In 2020 the Move Forward opposition party questioned royal spending paid by government departments, including nearly 3 billion baht (89,874,174 USD) from the Defense Ministry and Thai police for royal security, and 7 billion baht budgeted for royal development projects, as well as 38 planes and helicopters for the monarchy. Previously, on June 16, 2018, it was revealed that Thailand's Crown Property Bureau transferred its entire portfolio to the new King Maha Vajiralongkorn.

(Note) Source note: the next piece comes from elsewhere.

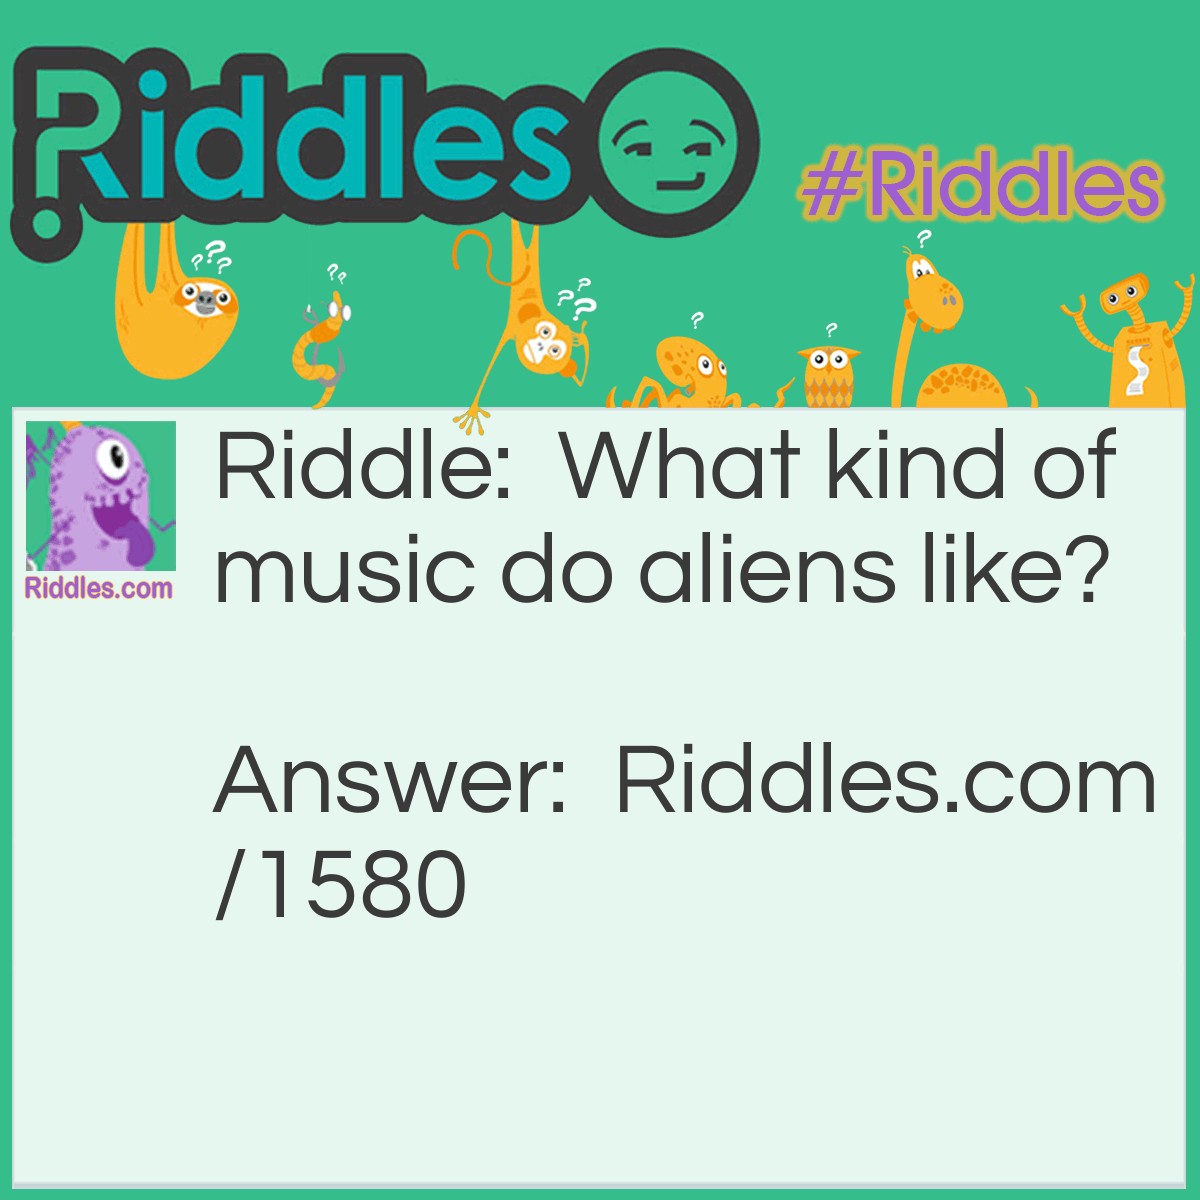 Riddle: What kind of music do aliens like? Answer: Nep-tunes.

photo of graffiti of 112 crossed out on sidewalk

Protestors In Bangkok Call For Political Prisoner Release

Peerapon Boonyakiat/SOPA Images via ZUMA Wire

Freedom of speech at stake

"Article 112 shuts down all freedom of speech in this country", says Sirikan. "Even the political parties fear to touch the subject, so it blocks most things. This country cannot move anywhere if we still have this law."

The student activist herself was charged with lèse-majesté in September 2020, after simply citing a list of public documents that refer to royal family expenditure. Sirikan comes from a family that has faced the consequences of decades of political repression. Her grandfather, Tiang Sirikhan was a journalist and politician who openly protested against Thailand's involvement in World War II. He was accused of being a Communist and abducted in 1952. According to Sirikhan's family, he was killed by the state.

The new report was conducted by The International Federation for Human Rights (FIDH), Thai Lawyer for Human Rights (TLHR), and Internet Law Reform Dialogue (iLaw). It accuses Thai authorities of an increasingly broad interpretation of Article 112, to the point of "absurdity," including charges against people for criticizing the government's COVID-19 vaccine management, wearing crop tops, insulting the previous monarch, or quoting a United Nations statement about Article 112.

Juthatip Sirikan speaks in front of democracy monument.

Shift to social media

While in the past the Article was only used against people who spoke about the royals, it's now being used as an alibi for more general political repression — which has also spurred more open campaigning to abolish it. Sirikan recounts recent cases of police charging people for spreading paint near the picture of the king during a protest, or even just for having a picture of the king as phone wallpaper.

The more than a century-old law is now largely playing out online, where much of today's protest takes place in Thailand. Sirikan says people are willing to go further on social media to expose information such as how the king intervenes in politics and the monarchy's accumulation of wealth, information the mainstream media rarely reports on them.

Not surprisingly, however, social media is heavily monitored and the military is involved in Intelligence operations and cyber attacks against human rights defenders and critics of any kind. In October 2020, Twitter took down 926 accounts, linked to the army and the government, which promoted themselves and attacked political opposition, and this June, Google removed two Maps with pictures, names, and addresses, of more than 400 people who were accused of insulting the Thai monarchy. "They are trying to control the internet as well," Sirikan says. "They are trying to censor every content that they find a threat".